Beefy Boxes and Bandwidth Generously Provided by pair Networks
Just another Perl shrine
 
PerlMonks  

combined into a single regex

by arcnon (Monk)
on Dec 27, 2005 at 03:48 UTC ( [id://519243]=perlquestion: print w/replies, xml ) Need Help??

arcnon has asked for the wisdom of the Perl Monks concerning the following question:

I realize that there is Test::Numeric but I can't get it to install.

Unforunately I can't seem to get [^\.\-] to work into a single regex. Here is what I am tring to accomplish.

my @data = (-123.004,-.008,0,-0,.0987,1.0,12345,'d','test'); foreach my $value (@data){ $value = char_test($value); if ( $value =~/-?(\d?|\d+)\.?(\d?|\d+)/ && $value ne 'error' ){ print "true\n"; } else{ print "false\n"; } } sub char_test{ my $value = shift; my @chars = $value =~/\D/g; foreach my $char (@chars){ if ($char ne '-' && $char ne '.'){ return 'error'; } } return $value; } OUTPUT: true true true true true true true false false

Replies are listed 'Best First'.
Re: combined into a single regex
by helphand (Pilgrim) on Dec 27, 2005 at 04:15 UTC

    Not entirely sure I understand your question, but assuming you are trying to eliminate the char_test stuff, try this...

    my @data = (-123.004,-.008,0,-0,.0987,1.0,12345,'d','test'); foreach my $value (@data){ if ( $value =~ /^-?(\d?|\d+)\.?(\d?|\d+)$/ ){ print "true\n"; } else{ print "false\n"; } }

      I think, this would be equivalent:
      /^-?(\d*)\.?(\d*)$/
      OTOH: I wouldn't consider "-." a legal number.
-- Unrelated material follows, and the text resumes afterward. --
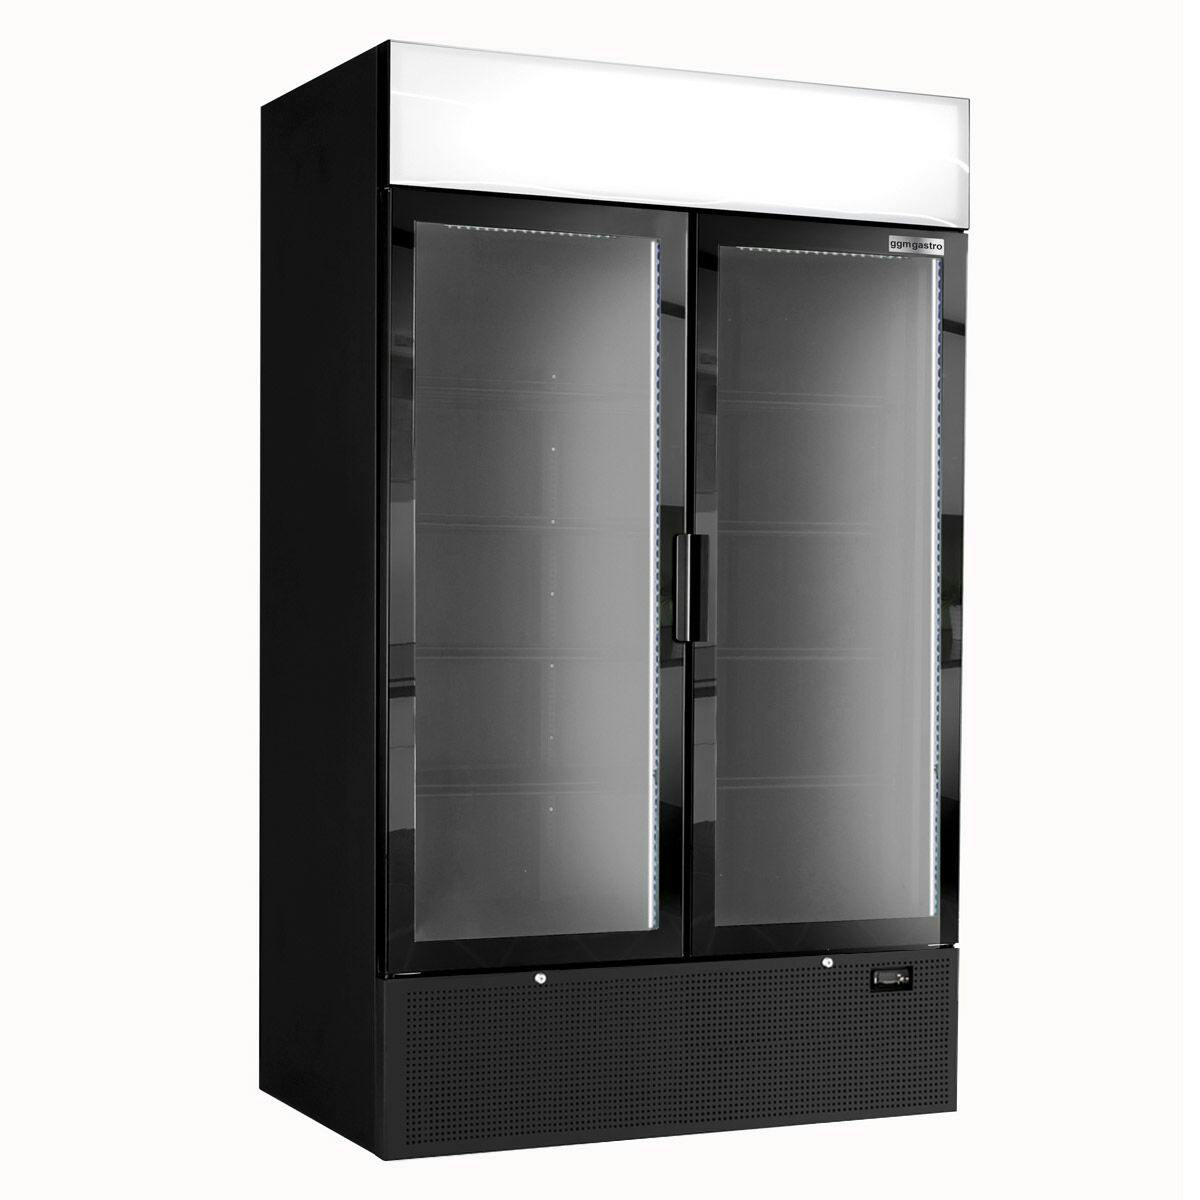 (3 pieces) Beverage refrigerator - 3144 litres (total) - black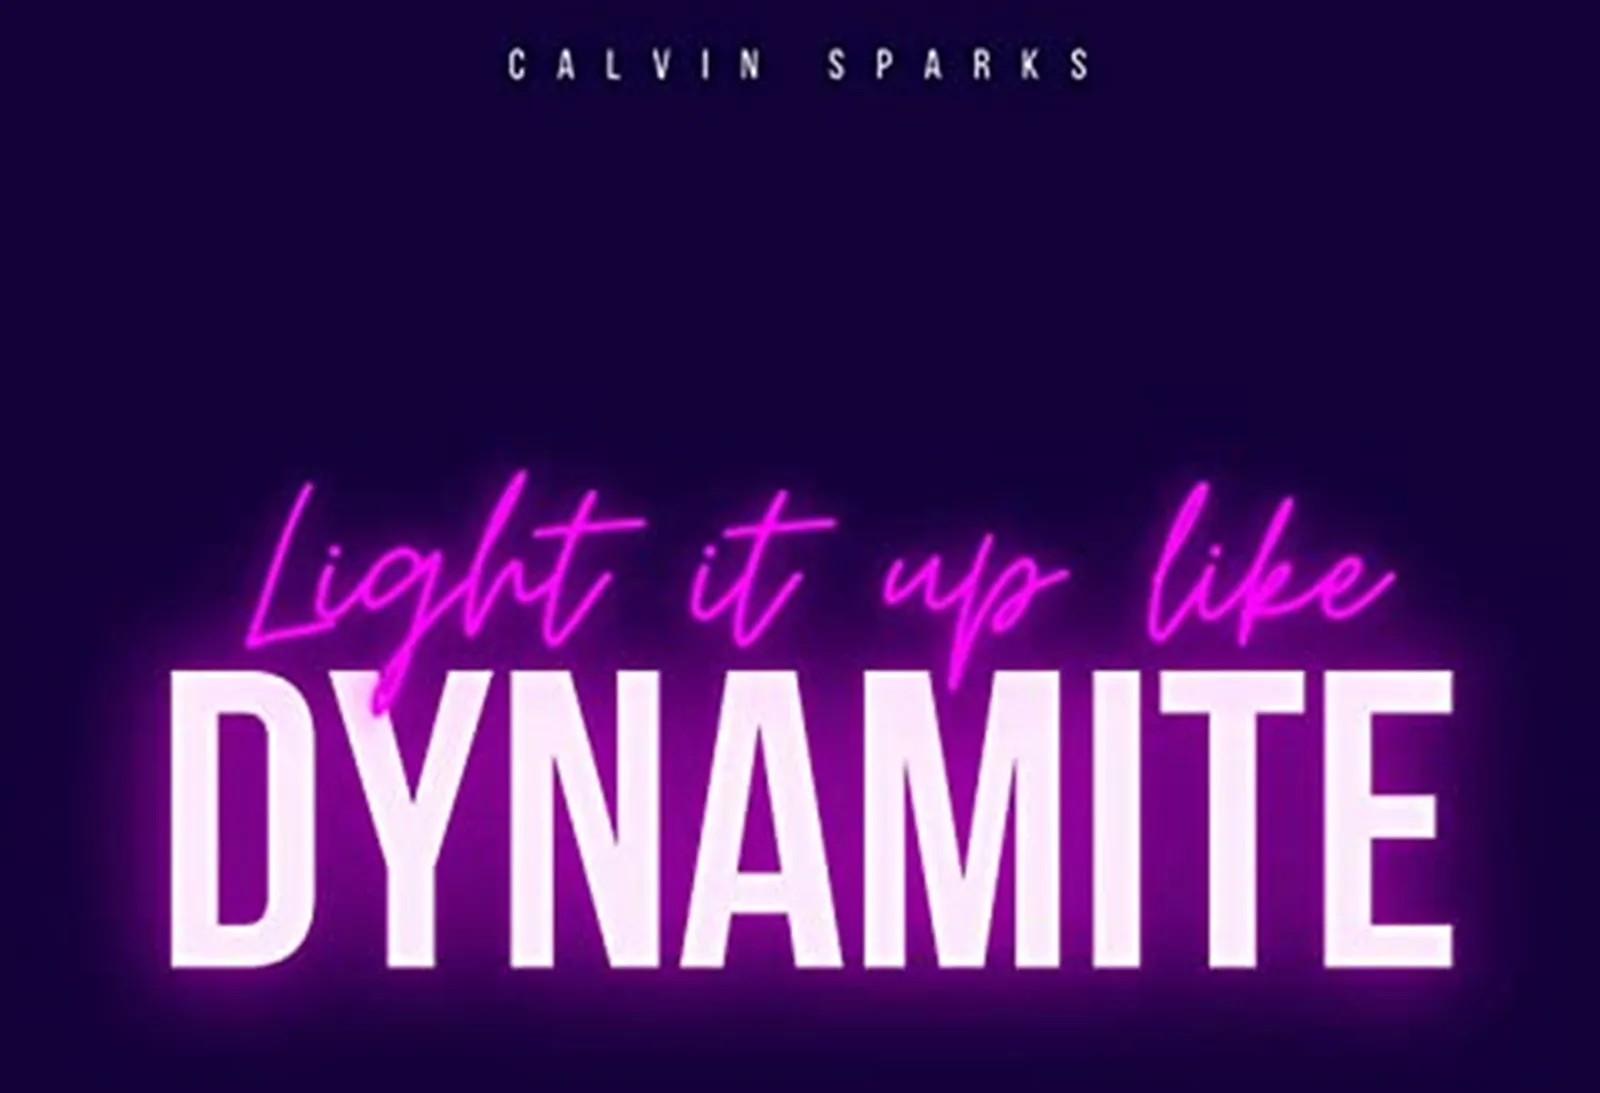 Calvin Sparks Diduga Mengklaim Lagu 'Dynamite' BTS, Apa Reaksi ARMY?

      So maybe this is better?
      /^-?((\d+\.\d*)|(\.?\d+))$/
      This wouldn't capture like yours does, but the captured parts aren't used. So you might want to consider using (?:...)...


      s$$([},&%#}/&/]+}%&{})*;#$&&s&&$^X.($'^"%]=\&(|?*{%
      +.+=%;.#_}\&"^"-+%*).}%:##%}={~=~:.")&e&&s""`$''`"e
      thanks thats it.

      I made a litle change youre regexp and tried to analyze

      my @data = (-123.004,-.008,0,-0,.0987,1.1,12345,'d','test'); foreach my $value (@data){ if ( $value =~ /(^-?)(\d?|\d+)(\.?)(\d?|\d+)$/){ print "$1 - $2 - $3 - $4 true\n"; } else{ print "false\n"; } }

      For this analyze i ignored the process of $1 - first grouping, i think i can understand that, so we straight to second grouping

      For the $value = 123.004
      1. Move on to second group and pick the first alternative (\d?)
      2. "123" doesnt match (\d?), since (\d?) = match digit 1 or 0 times
      3. Backtrack 1 character.
      4. Pick the second alternative in the second group (\d+) or match digit 1 or more times, and it match, so we got "123" for $2
      5. Move on to the third group, (\.?) match "." 1 or 0 times, so we got "." for $3
      6. Move on to the fourth group, first alternative doesnt match so backtrack 1 character, try the second alternative and match "004", so we got "004" for $4.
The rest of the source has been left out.